▼

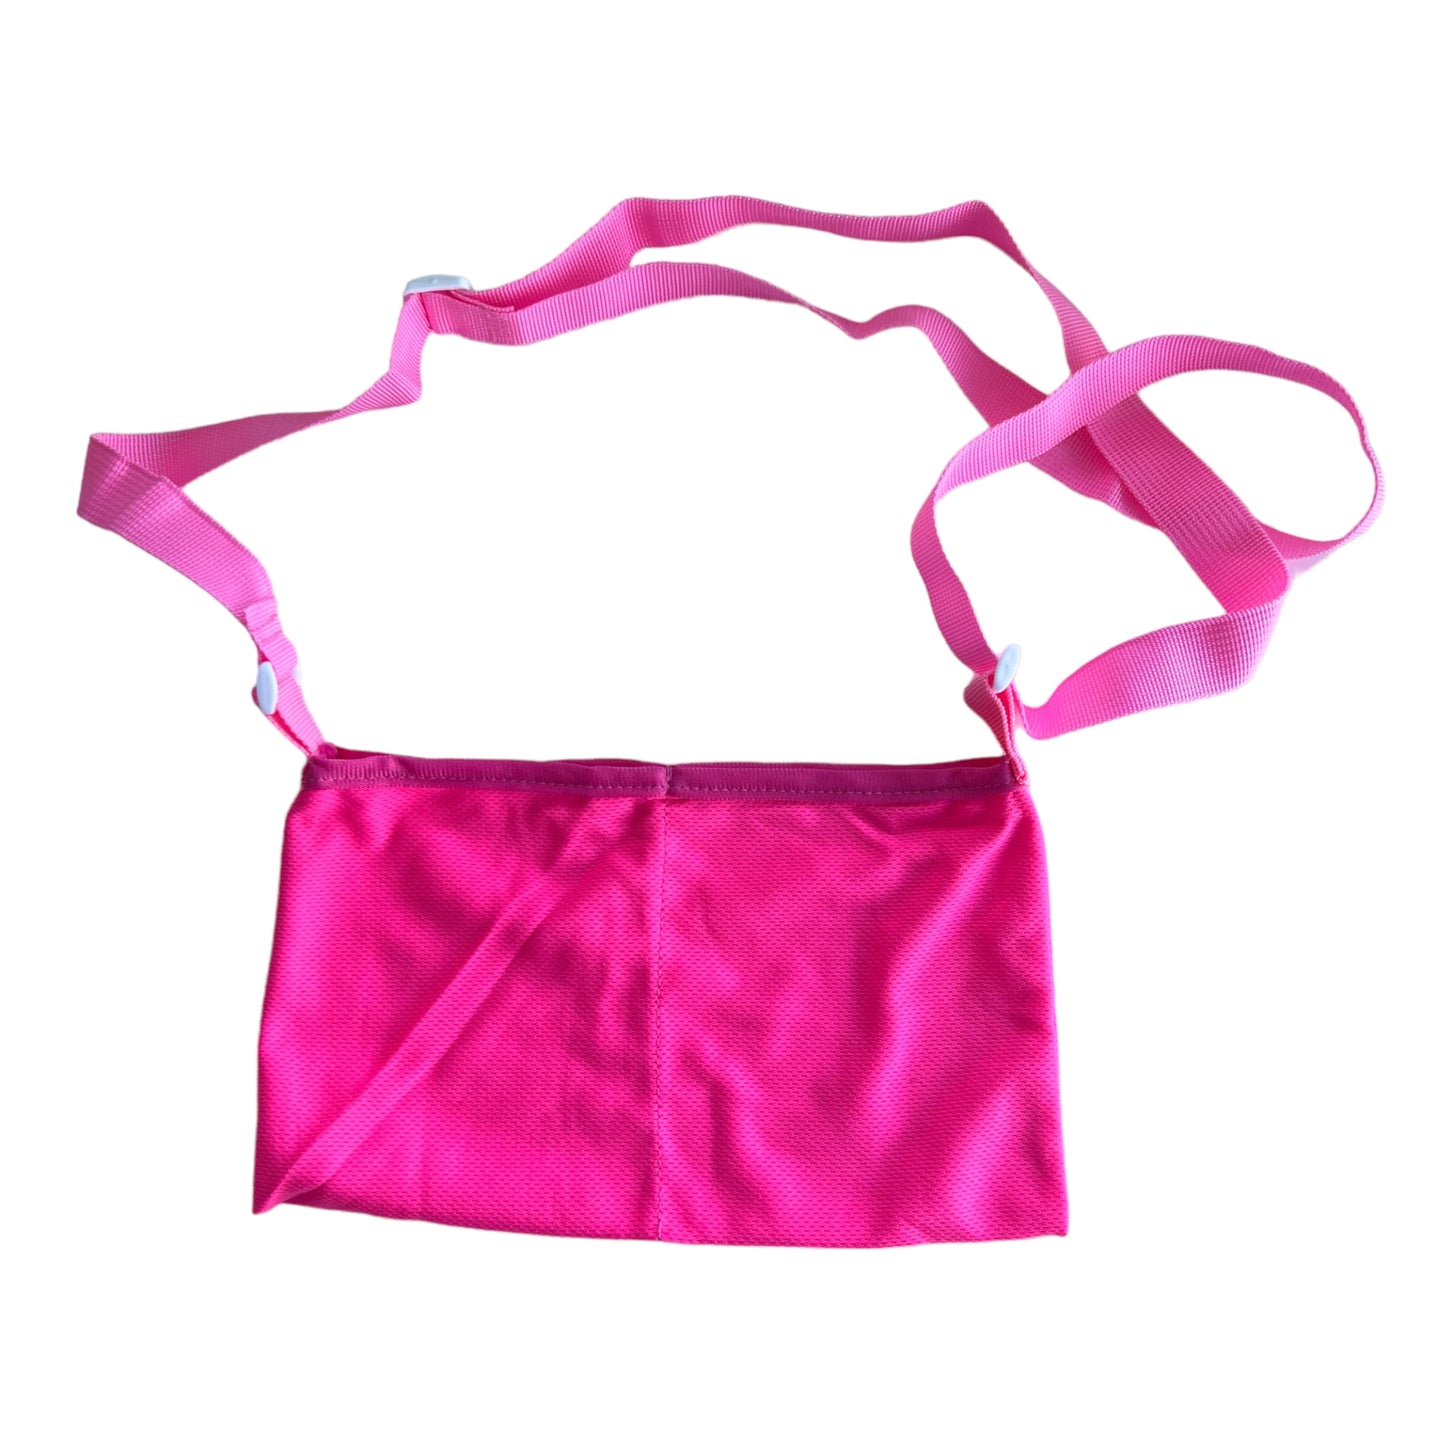 Post-Mastectomy Drain Bag Holder
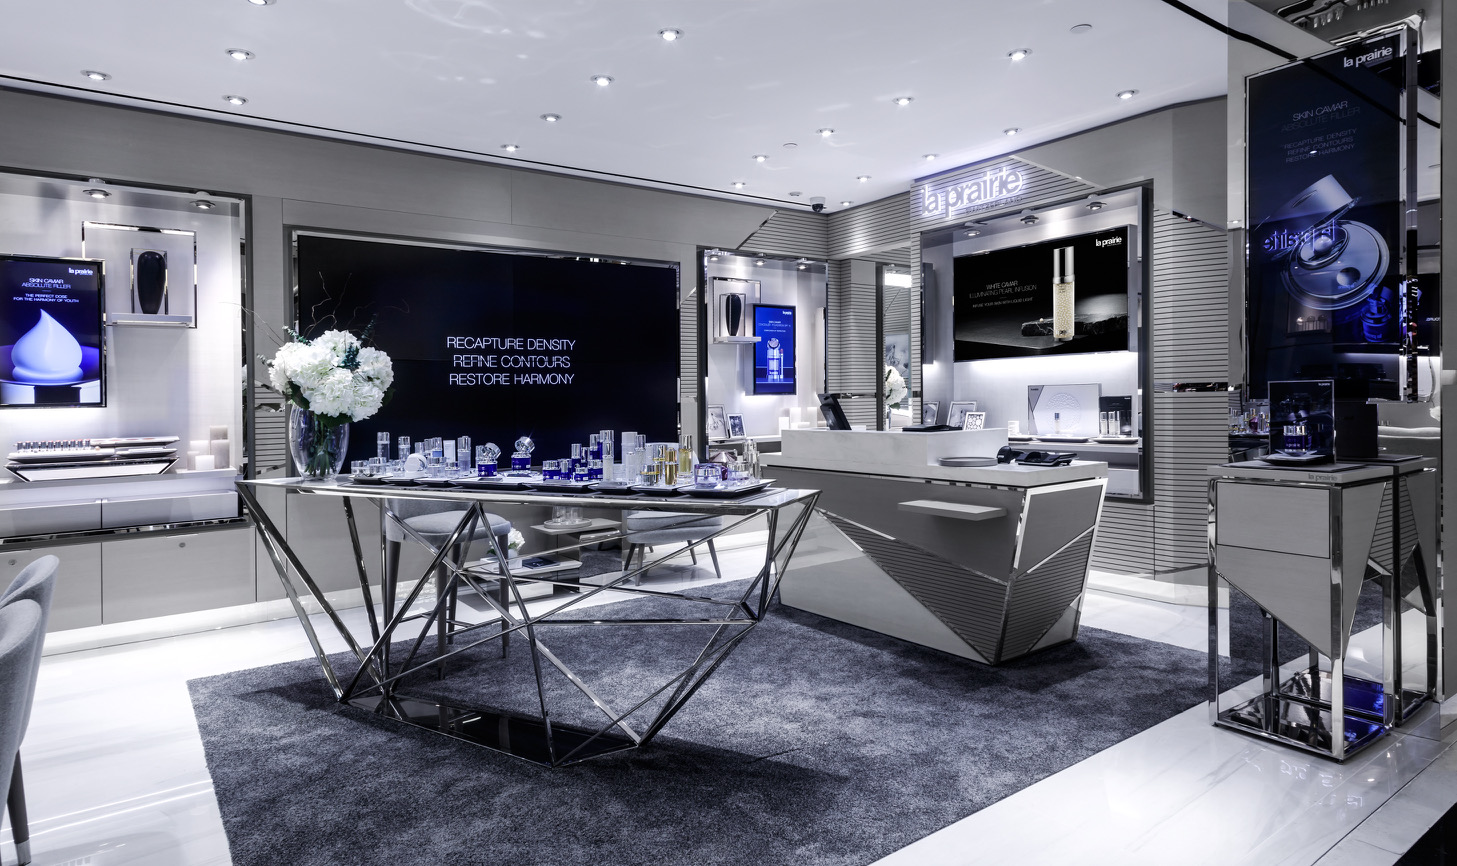 La Prairie Debuts New Global Store Design at Bloomingdale's 59th Street
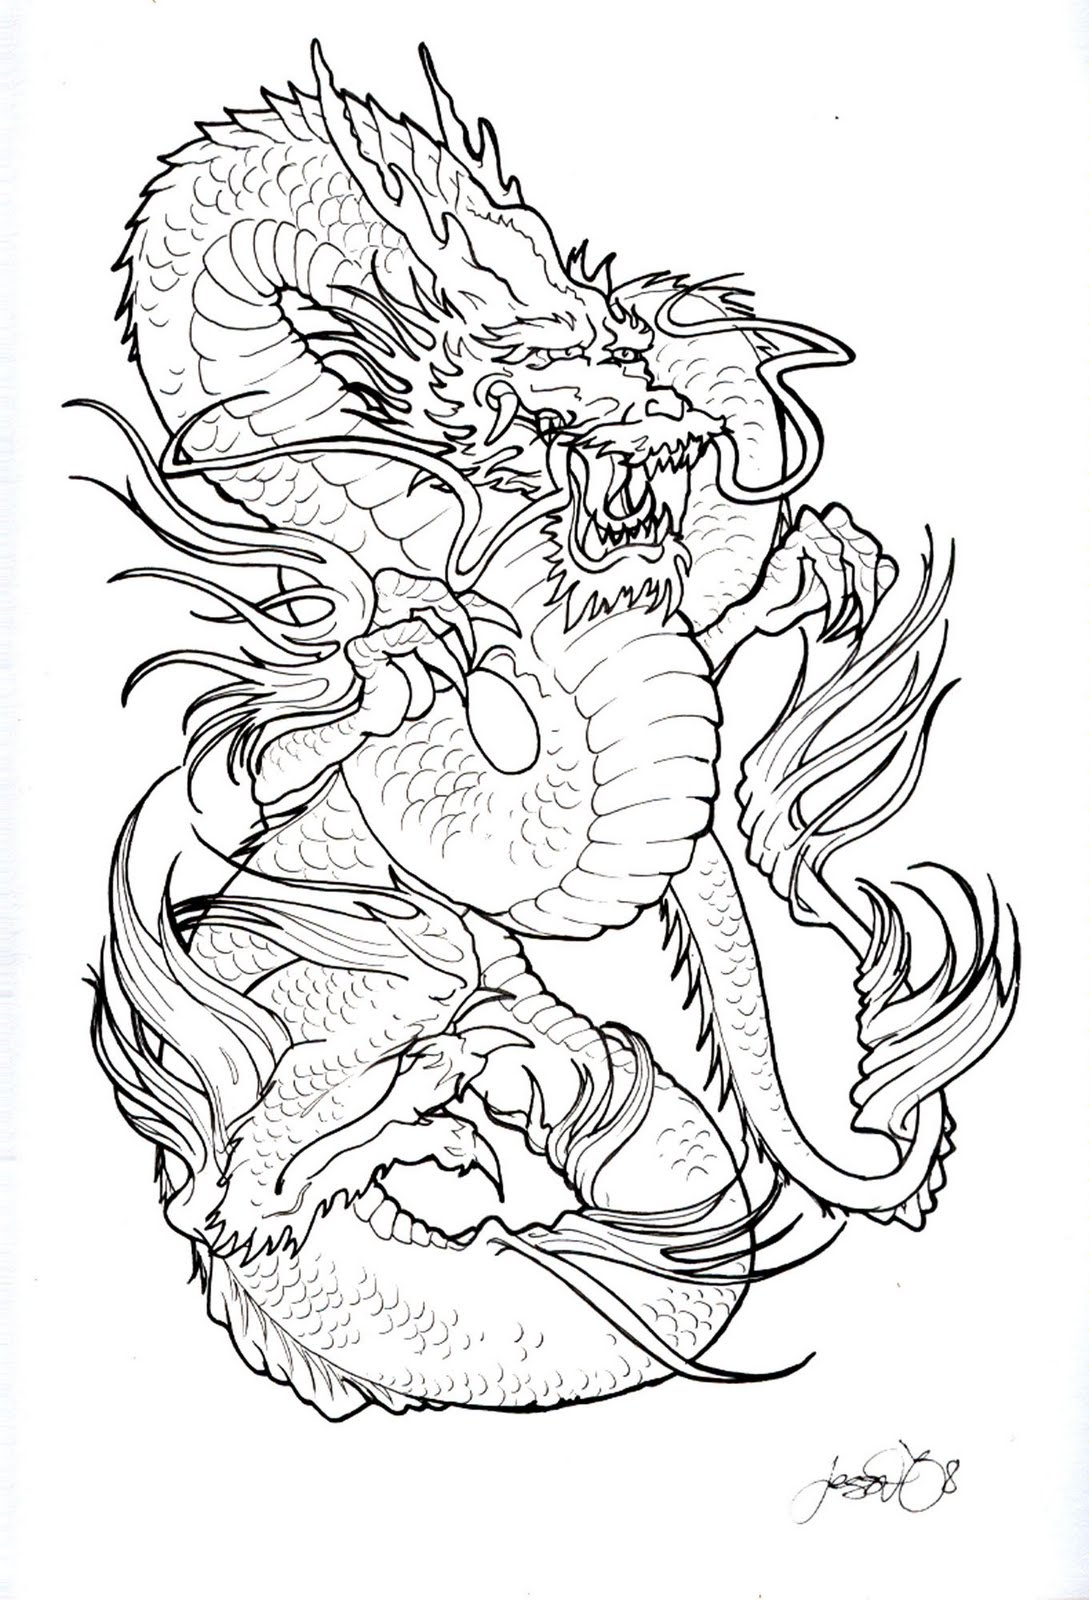 Temporary Tattoo Japanese Dragon Irezumi Tattoos Art Waterproof Shoulder  Sticker | eBay

▲

The listing above is to be written out again exactly, with its pictures omitted.

_SOLUTION TO THE EXERCISE_
 Post-Mastectomy Drain Bag Holder
 La Prairie Debuts New Global Store Design at Bloomingdale's 59th Street
 Temporary Tattoo Japanese Dragon Irezumi Tattoos Art Waterproof Shoulder  Sticker | eBay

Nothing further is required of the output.